*** DATASET EXCERPTS ***

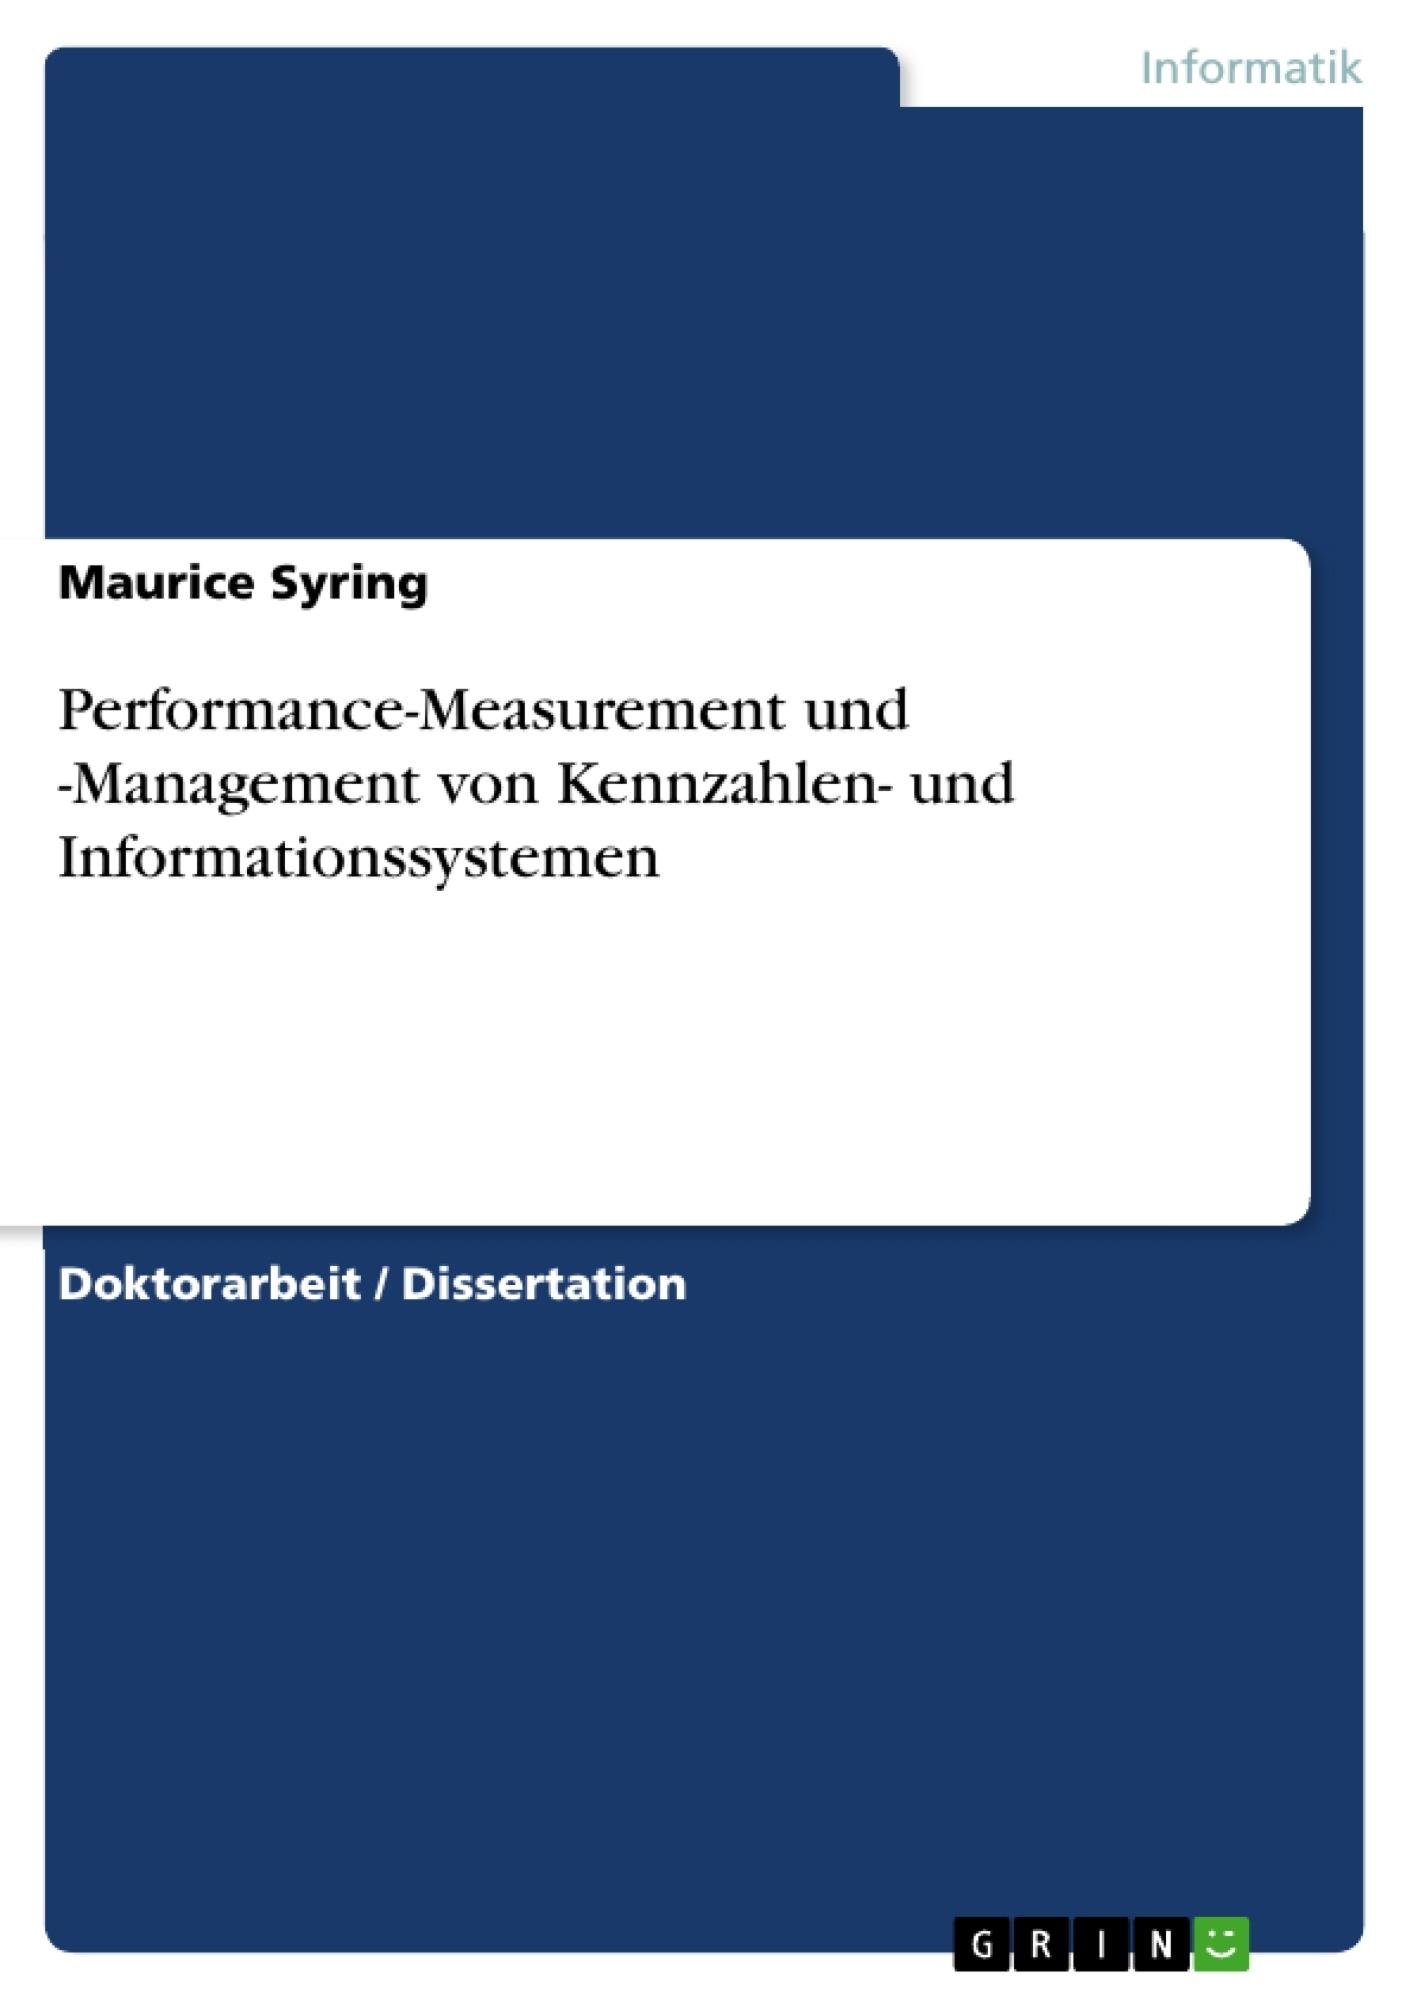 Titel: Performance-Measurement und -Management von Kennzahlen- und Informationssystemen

*** End of DATASET EXCERPTS ***
*** DATASET EXCERPTS ***

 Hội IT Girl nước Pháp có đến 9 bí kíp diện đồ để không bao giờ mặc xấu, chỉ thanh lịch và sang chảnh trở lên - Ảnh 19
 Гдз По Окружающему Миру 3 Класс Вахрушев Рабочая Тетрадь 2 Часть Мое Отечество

*** End of DATASET EXCERPTS ***
*** DATASET EXCERPTS ***

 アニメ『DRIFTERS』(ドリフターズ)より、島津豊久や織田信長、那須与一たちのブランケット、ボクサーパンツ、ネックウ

*** End of DATASET EXCERPTS ***

Only the lines above from the line with "Hội IT Girl" to the line with "Гдз По Окружающему", those two lines included, should be reproduced exactly.

| YOUR SOLUTION |
 Hội IT Girl nước Pháp có đến 9 bí kíp diện đồ để không bao giờ mặc xấu, chỉ thanh lịch và sang chảnh trở lên - Ảnh 19
 Гдз По Окружающему Миру 3 Класс Вахрушев Рабочая Тетрадь 2 Часть Мое Отечество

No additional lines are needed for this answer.